# Sail Panel/Package Tray Wuestions



## SLSTEVE (Dec 8, 2020)

Trying to figure out my sail panel and package tray installation. Does the insulation get glued down to the package tray shelf? Then does the cover get glued down to the insulation? I know the front strip gets glued down to the seat back area.
I’m at a loss on the sail panel area too. Is there a push in clip that holds the sail panel to the roof side area? Is the sail panel glued to the glue strip or does it just get clipped to the roof side panel?


----------



## O52 (Jan 27, 2019)

Lat time I installed a package tray I glued the jute to the tray itself.
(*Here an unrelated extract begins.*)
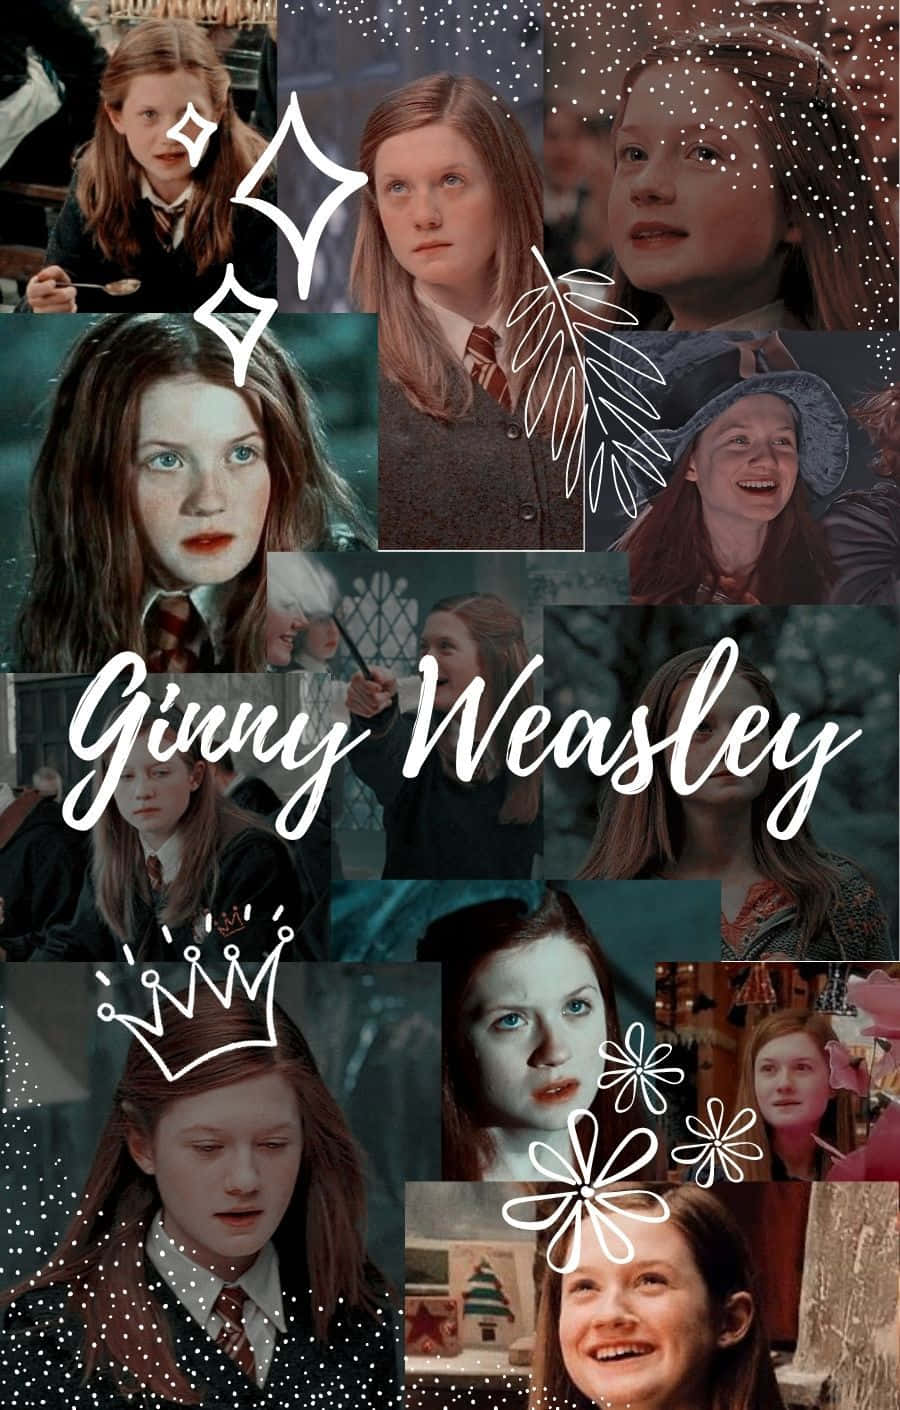 Ginny Weasley with a determined and confident gaze Wallpaper

The assembly then lays on top of the package shelf without gluing with the exception of the front strip. 
As far as the sail panels or 'Earmuffs' my 68 had a clip similar to the door panels and was fastened to the C pillar by just the one clip. I noticed that my new Legendary sail panels have a velcro tab. Makes it a whole lot easier to install.


----------



## SLSTEVE (Dec 8, 2020)

O52 said:


> Lat time I installed a package tray I glued the jute to the tray itself. The assembly then lays on top of the package shelf without gluing with the exception of the front strip.
> As far as the sail panels or 'Earmuffs' my 68 had a clip similar to the door panels and was fastened to the C pillar by just the one clip. I noticed that my new Legendary sail panels have a velcro tab. Makes it a whole lot easier to install.
> I saw some that had the Velcro fasteners. Think I will look into doing that. Thanks for the info.


----------



## Sick467 (Oct 29, 2019)

I just removed the original mesh package tray from my 67. The jute was glued to the bottom of the mesh package tray "insert" and that was just laid on top of the steel structure. As far as the sail panels go...mine are second design for 67 and they had two square metal pieces (per panel) that where prong-pressed into the pressboard back. These metal pieces had a protruding slot that accepted the lip of a press-in clip that was, then, pressed into holes in the inner C pillar. These clips look just like the ones that hold the inner door panels to the door. I found no parts of the package tray or sail panels glued to anything in the car, but glue does tend to dry up and release after all these years. I can see how the forward vinyl edge of the package tray insert could be lightly glued down to the steel so that it does not slip up and out from behind the seat back.


----------